Однако и эта забава не спасает его. Терпение истощается. Он перестаёт в Леонтьевском переулке бывать. Тогда ему переправляют протокольные записи репетиций, чтобы он имел возможность исполнить бессчётные пожелания Константина Сергеевича по поводу оазисов, крантиков и прочей муры. Один из протоколов наконец доводит до бешенства. В самом деле, обсуждают финал, который он написал очень просто. У него выходит на сцену Лагранж, говорит и тут же заносит в тетрадь:
— Семнадцатое февраля. Было четвёртое представление пьесы “Мнимый больной”, сочинённой господином де Мольером. В десять часов вечера господин де Мольер, исполняя роль Аргана, упал на сцене и тут же был похищен без покаяния неумолимой смертью (Пауза). В знак этого рисую самый большой чёрный крест (Думает). Что же явилось причиной этого? Что? Как записать?.. Причиной этого явилась немилость короля и чёрная Кабала!.. Так я и запишу (Пишет и угасает во тьме).
Величественная, по этой причине особенно страшная простота, впрочем, труднейшая для исполнителя и режиссёра. Станиславскому, разумеется, простота не подходит. К тому же ещё чёрный крест. К чему тут чёрный крест? А не выйдет ли какой истории из-за креста? Осторожнейший человек, если правду сказать.

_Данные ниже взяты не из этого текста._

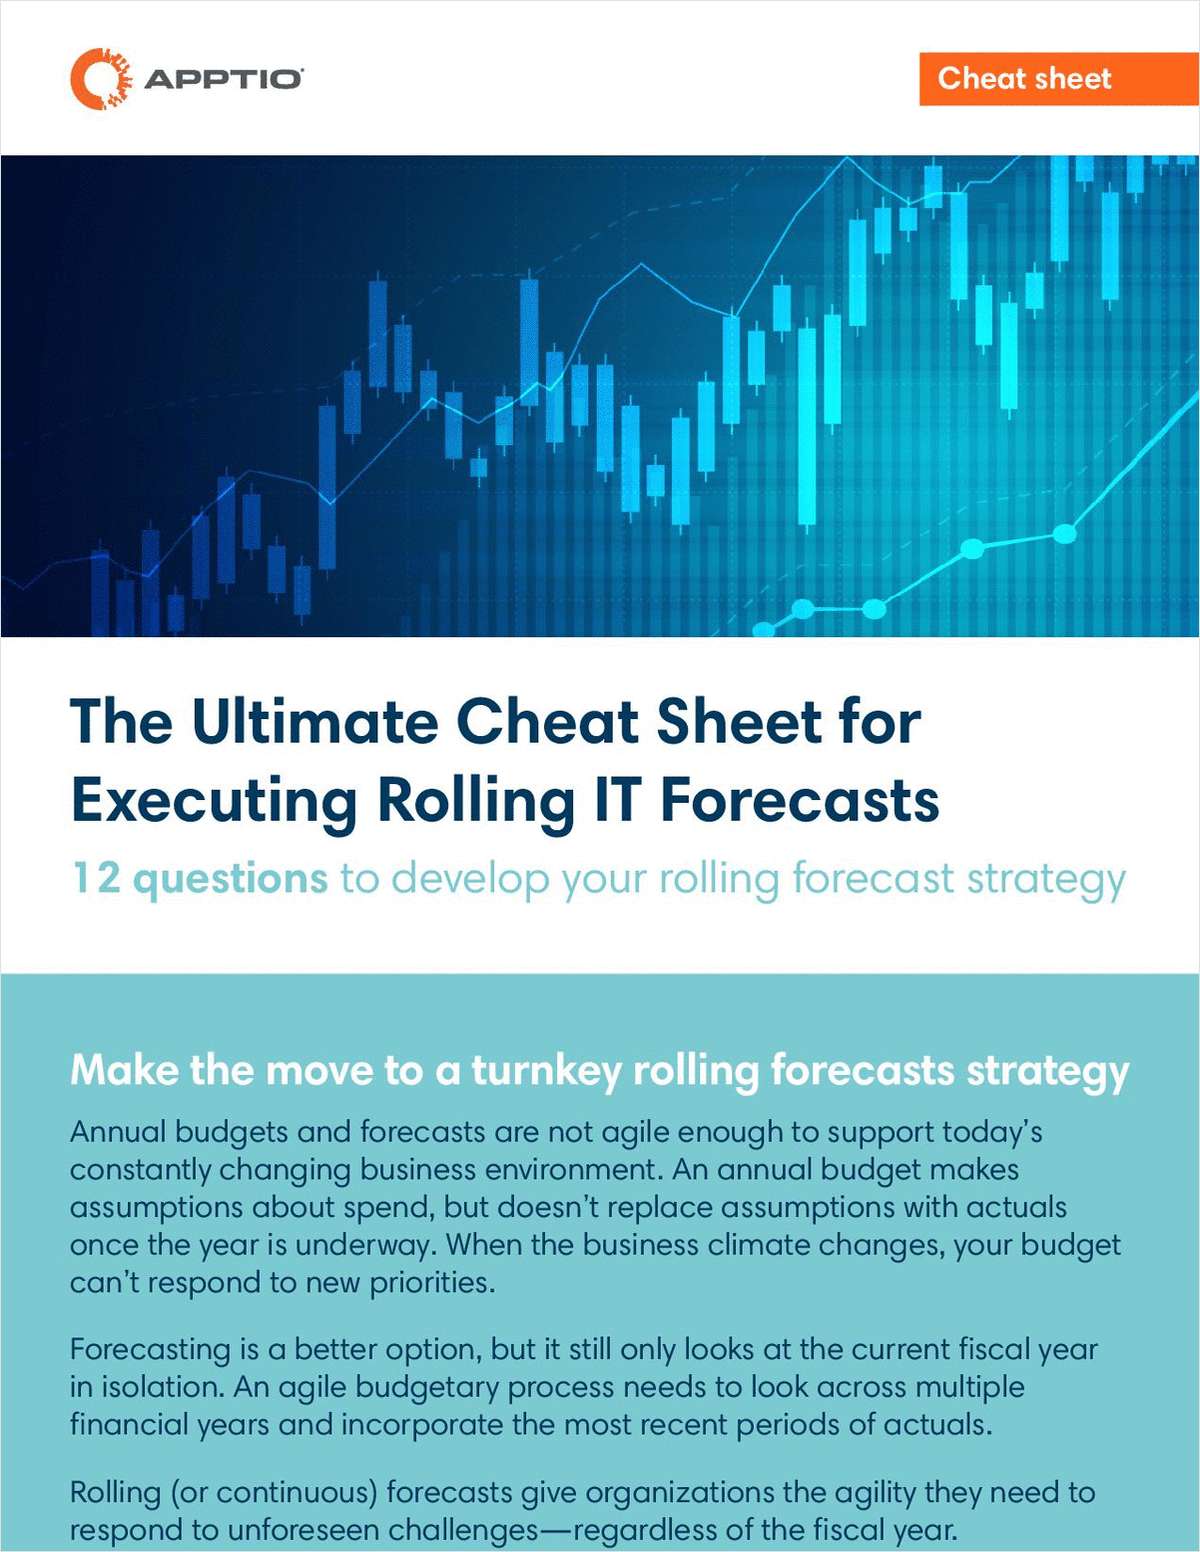 The ultimate cheatsheet for executing rolling IT Forecasts

Такого рода финал Станиславского не устраивает. Вслух размышляет:
— Закрывается тот занавес... Король ушёл... Ложи опустели... Появился Лагранж... А как это будет идеологически?

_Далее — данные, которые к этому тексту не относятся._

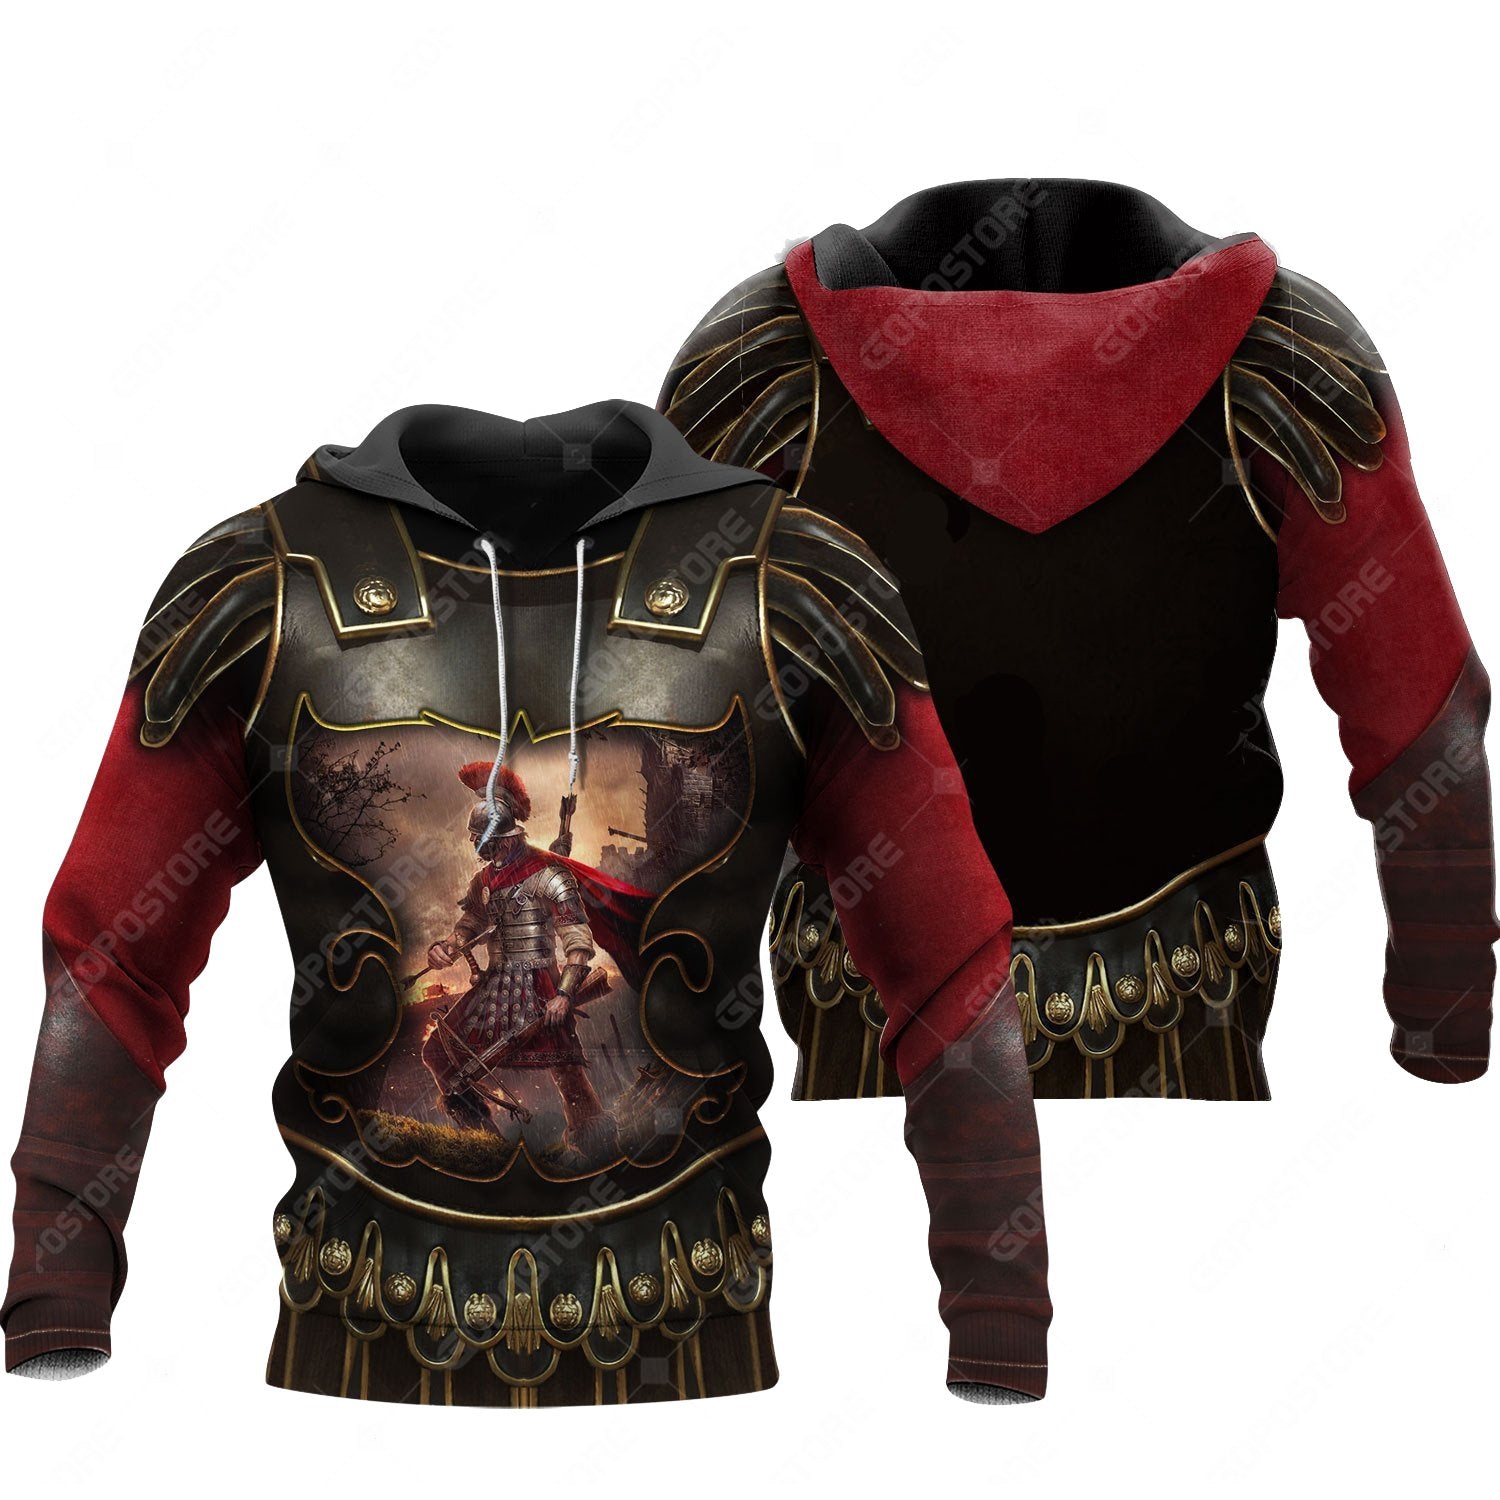 Beautiful Armour Spartan 3D All Over Printed Shirts MP978 - Amaze Style™-Apparel

Горчаков без промедления начинает подыгрывать, прикидывая, каким бы образом искалечить финал и тем самым успокоить учителя:
— Возможен и такой конец: темнеет, все расходятся. Сцена поворачивается, сидит Бутон, приходит Лагранж и записывает. Это будет эпический конец.
— Не будет ли это слишком пессимистический конец?
— Да, скажут, академический конец. Есть лозунг, что со смертью художника его творения не умирают. Я бы предложил конец, как было раньше — анонсом: “Сейчас вы уходите, а завтра спектакль будет продолжен...” А то можно закончить как пьесу Дюма “Кин”. “Закатилось солнце...”
— Конец, как в “Кине”, — это конец на театральные аплодисменты. Может быть, действительно закончить анонсом: “Он умер, но слава и творения его живут. Завтра спектакль продолжается”. По-моему, это неплохо. Если выдержать намеченную нами линию, то получится хорошая пьеса. Булгаков моментами себя обкрадывает. Если бы он пошёл на то, что ему предлагается, то была бы пьеса хорошая. Он трусит углубления, боится философии...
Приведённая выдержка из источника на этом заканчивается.